Commit e864f39569f4 "fs: add RWF_DSYNC aand RWF_SYNC" added additional
way for direct IO to become synchronous and thus trigger fsync from the
IO completion handler. Then commit 9830f4be159b "fs: Use RWF_* flags for
AIO operations" allowed these flags to be set for AIO as well. However
that commit forgot to update the condition checking whether the IO
completion handling should be defered to a workqueue and thus AIO DIO
with RWF_[D]SYNC set will call fsync() from IRQ context resulting in
sleep in atomic.

Fix the problem by checking directly iocb flags (the same way as it is
done in dio_complete()) instead of checking all conditions that could
lead to IO being synchronous.

CC: Christoph Hellwig <hch@lst.de>
CC: Goldwyn Rodrigues <rgoldwyn@suse.com>
CC: stable@vger.kernel.org
Reported-by: Mark Rutland <mark.rutland@arm.com>
Fixes: 9830f4be159b29399d107bffb99e0132bc5aedd4
Signed-off-by: Jan Kara <jack@suse.cz>
---
 fs/direct-io.c | 3 +--
 1 file changed, 1 insertion(+), 2 deletions(-)
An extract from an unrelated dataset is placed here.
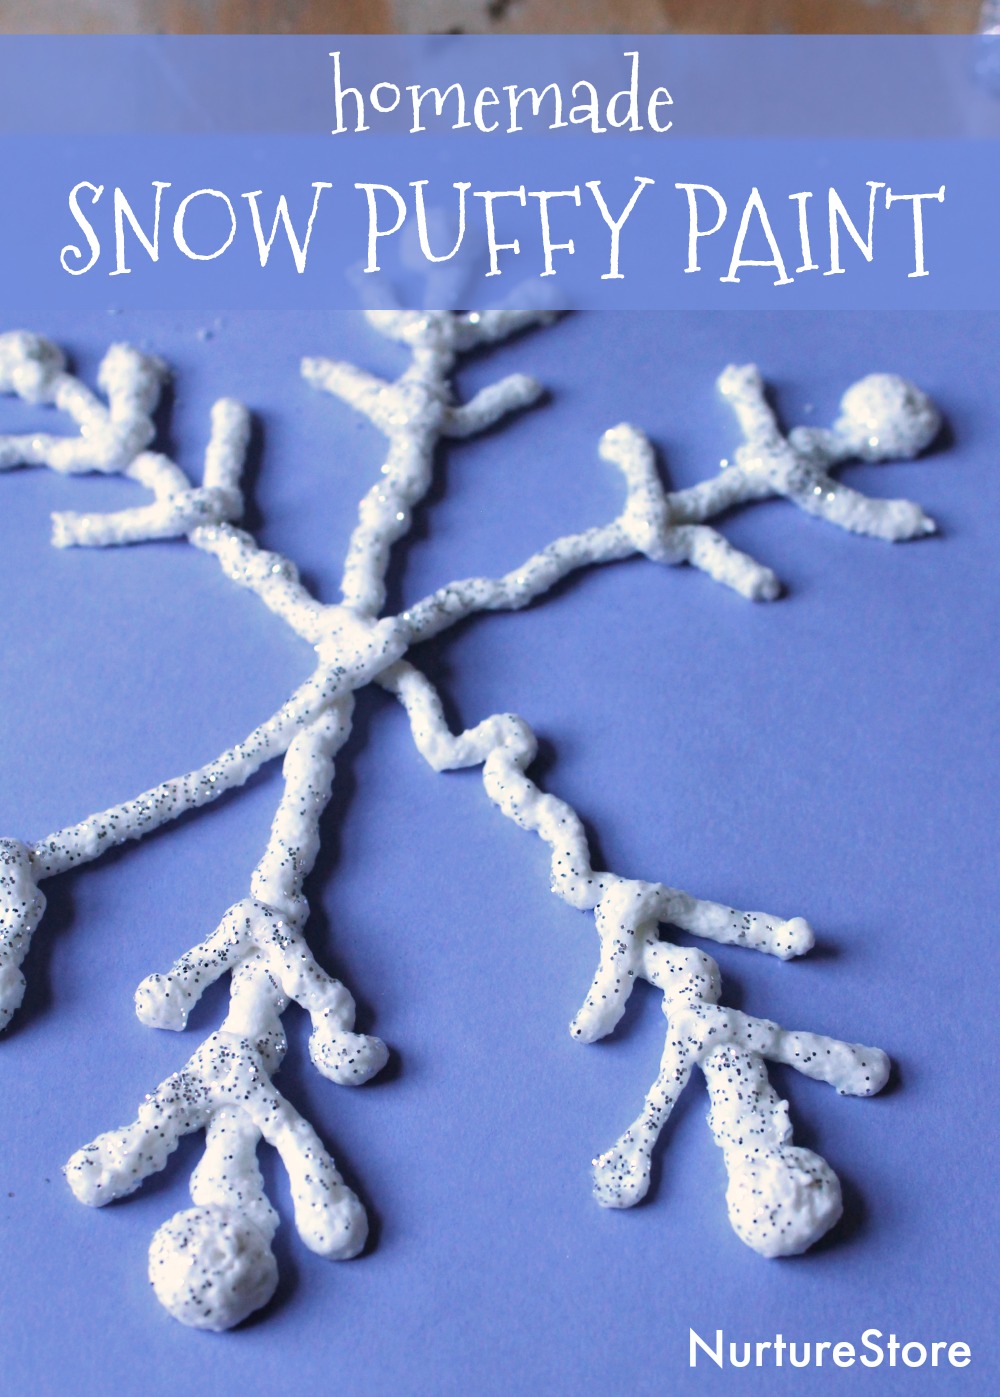 Snow puffy paint - NurtureStore

diff --git a/fs/direct-io.c b/fs/direct-io.c
index a0ca9e48e993..1357ef563893 100644
--- a/fs/direct-io.c
+++ b/fs/direct-io.c
@@ -1274,8 +1274,7 @@  do_blockdev_direct_IO(struct kiocb *iocb, struct inode *inode,
 	 */
 	if (dio->is_async && iov_iter_rw(iter) == WRITE) {
 		retval = 0;
-		if ((iocb->ki_filp->f_flags & O_DSYNC) ||
-		    IS_SYNC(iocb->ki_filp->f_mapping->host))
+		if (iocb->ki_flags & IOCB_DSYNC)
 			retval = dio_set_defer_completion(dio);
 		else if (!dio->inode->i_sb->s_dio_done_wq) {
 			/*
-- 
2.13.6